## Used care listings
We are working with dataset fof used cars from eBay 'Kleinanzeigen', a classfieds section of the German eBay website. The dataset was originally scraped and uploaded to Kaggle, now with a few modifications from the original dataset:

+ now sampled 50,000 data points from the full dataset to ensure the code runs quickly in hosted enviroment
+ Dirtied the dataset a bit to more closely resemable what would have been expected from a scraped dataset

The aim of this proejct is to clearn the data and analyze the included used car listings.


In [None]:
import pandas as pd

dateparser = lambda x:pd.datetime.strptime(x,'%Y-%m-%d %H:%M:%S')
autos = pd.read_csv('autos.csv',encoding='Latin-1',parse_dates=['dateCrawled','dateCreated','lastSeen'],date_parser=dateparser)
autos.head()



In [None]:
autos.info()

## Observations
+ data volume of 50000
+ memory usage of 7.6+ MB
+ 20 columns of mostly strings
+ some columns have null values, not more than 20% of the data
+ The column names use camelcase instead of Python's preferred snakecase, which means we can't just replace spaces with underscores.

In [None]:
autos.columns

In [None]:
autos = autos.rename(columns={'dateCrawled':'date_crawled', 
                              'yearOfRegistration':'registration_year',
                      'monthOfRegistration':'registration_month',
                      'notRepairedDamage':'unrepaired_damage',
                      'dateCreated':'ad_created',
                      'lastSeen':'last_seen',
                      'postalCode':'postal_code',
                     'nrOfPictures':'number_pictures',
                     'fuelType':'fuel_type',
                     'powerPS':'power_ps',
                     'vehicleType':'vehicle_type',
                     'offerType':'offer_type'})

In [None]:
autos.head()


Let's convert the column names from camelcase to snakecase and reword some of the column names based on the data dictionary to e more descriptive

In [None]:
autos.describe()

## Observations
+ number of pictures seem to mostly have one value that may not be relevant to our analysis
+ let's investigate more into power_ps
+ seems registration year and month might be stored as strings and may need some cleaning
+ We may also have to clean up the trailing longs into floats in each column depending on our usage

In [None]:
import re

autos.loc[:,['price','odometer']].replace(to_replace='\$([0-9,\.]+).*', value=r'\1',regex=True,inplace=True)


In [None]:
autos['price'] = [i.replace('$','').replace(',','') if '$' in i else i for i in autos['price']]
autos['price'] = autos['price'].astype('int')

In [None]:
autos['odometer'] = [i.replace('km','').replace(',','') if 'km' in i else i for i in autos['odometer']]
autos['odometer'] = autos['price'].astype('int')

In [None]:
autos[['price','odometer']].dtypes

In [None]:
autos = autos.rename(columns={'odometer':'odometer_km'})

In [None]:
autos.head()

In [None]:
autos[['price','odometer_km']].sort_values(by=['price','odometer_km'],ascending=False)

In [None]:
autos = autos[(autos[['price','odometer_km']] > 0).all(axis=1) & (autos[['price','odometer_km']] < 169000).all(axis=1)]

# cleaning summary
+ did a sort values of both columns
+ found repeating dubious integer values, went ahead to index in to smallest range out of those values 

In [None]:
autos = autos.sort_values(by=['date_crawled','ad_created','last_seen'],ascending=True)

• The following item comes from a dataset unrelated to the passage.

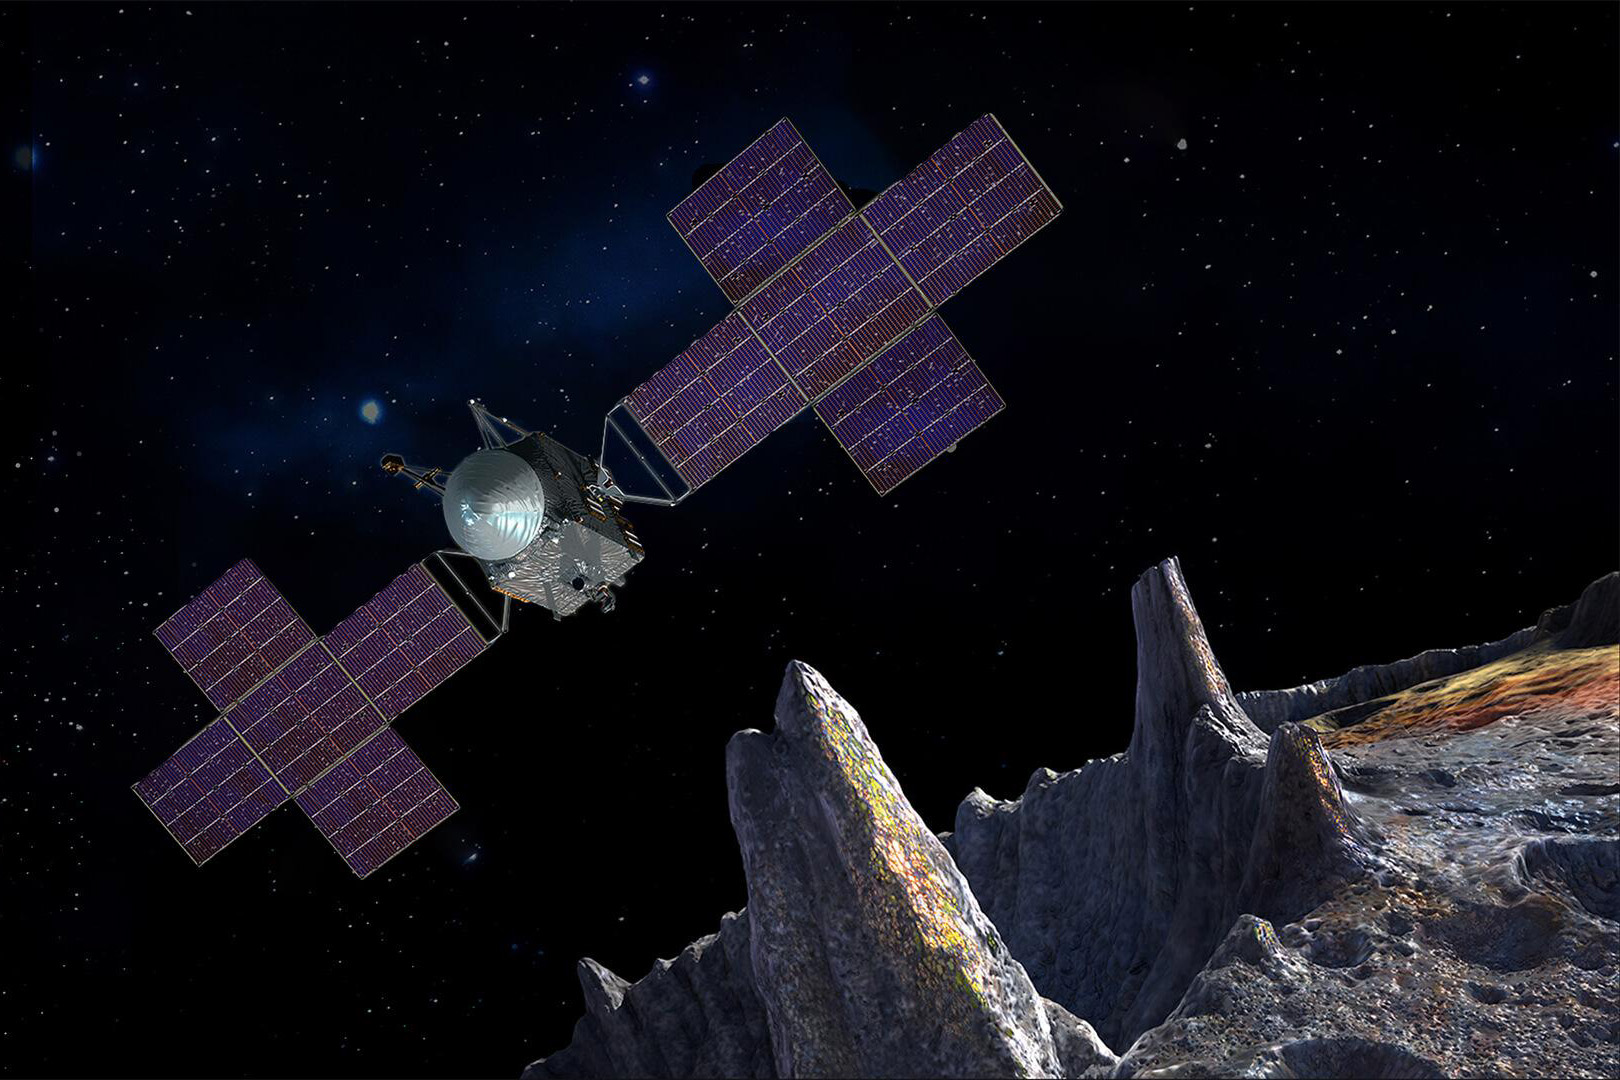 The Psyche spacecraft approaches an asteroid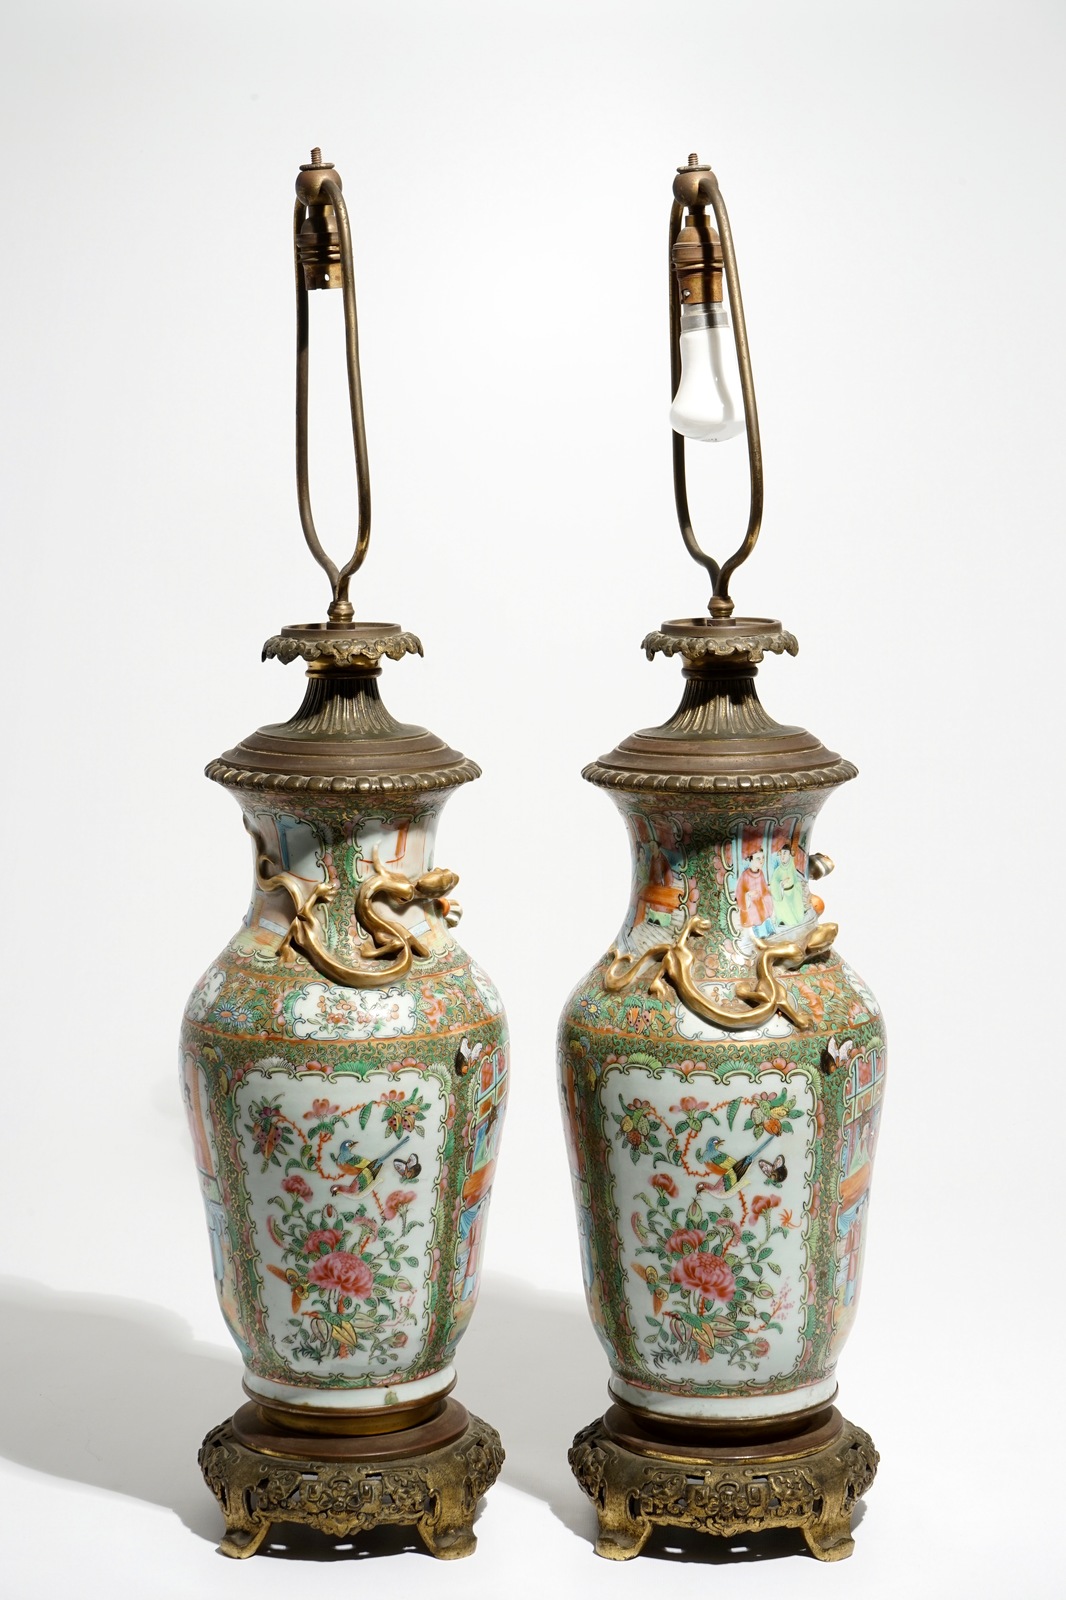 A pair of bronze-mounted Chinese Canton famille rose vases, transformed into lamps, 19th C. - Image 4 of 6

sorted autos by date_crawled, ad_created and last_seen from ascending order 

In [None]:
autos['date_crawled'] = pd.to_datetime(autos['date_crawled']).dt.date

In [None]:
autos['last_seen'] = pd.to_datetime(autos['last_seen']).dt.date

changed last_seen and date_crawled columns to datetime date objects instead of time stamp for percentage distrubutions 

In [None]:
import datetime as dt
march_date_crawled = autos.loc[(autos['date_crawled'] >= dt.date(2016,3,1)) & (autos['date_crawled'] <= dt.date(2016,4,1)),'date_crawled'].value_counts(normalize=True, dropna=False)

In [None]:
march_date_crawled

sample percentage distribution of march by date_crawled column

In [None]:
march_last_seen = autos.loc[(autos['last_seen'] > dt.date(2016,3,1)) & (autos['last_seen'] < dt.date(2016,4,1)),'last_seen'].value_counts(normalize=True, dropna=False)

In [None]:
march_last_seen

Sample of distribution percentage of march last_seen logs

In [None]:
march_ad_created = autos.loc[(autos['ad_created'] > dt.date(2016,3,1)) & (autos['ad_created'] < dt.date(2016,4,1)),'ad_created'].value_counts(normalize=True,dropna=False)

In [None]:
march_ad_created

sample of percentage distribution of march ad_created logs

## Summary of exploratory date_crawled,  ad_created, and last_seen logs
+ sorted autos by date_crawled, ad_created and last_seen from ascending order
+ changed last_seen and date_crawled columns to datetime date objects instead of time stamp for percentage distrubutions
+ provided some sample percentages distribution logs for each column

In [None]:
autos['registration_year'].describe()

In [None]:
autos.registration_year = pd.DatetimeIndex(autos.registration_year).year

In [None]:
autos.registration_year.dt.year

In [None]:
autos['registration_year'] = autos[(autos['registration_year'] > 1900) & (autos['registration_year'] < 2016)]   

In [None]:
autos.registration_year

Because a car can't be first registered after the listing was seen, any vehicle with a registration year above 2016 is definitely inaccurate. Determining the earliest valid year is more difficult. Realistically, it could be somewhere in the first few decades of the 1900s.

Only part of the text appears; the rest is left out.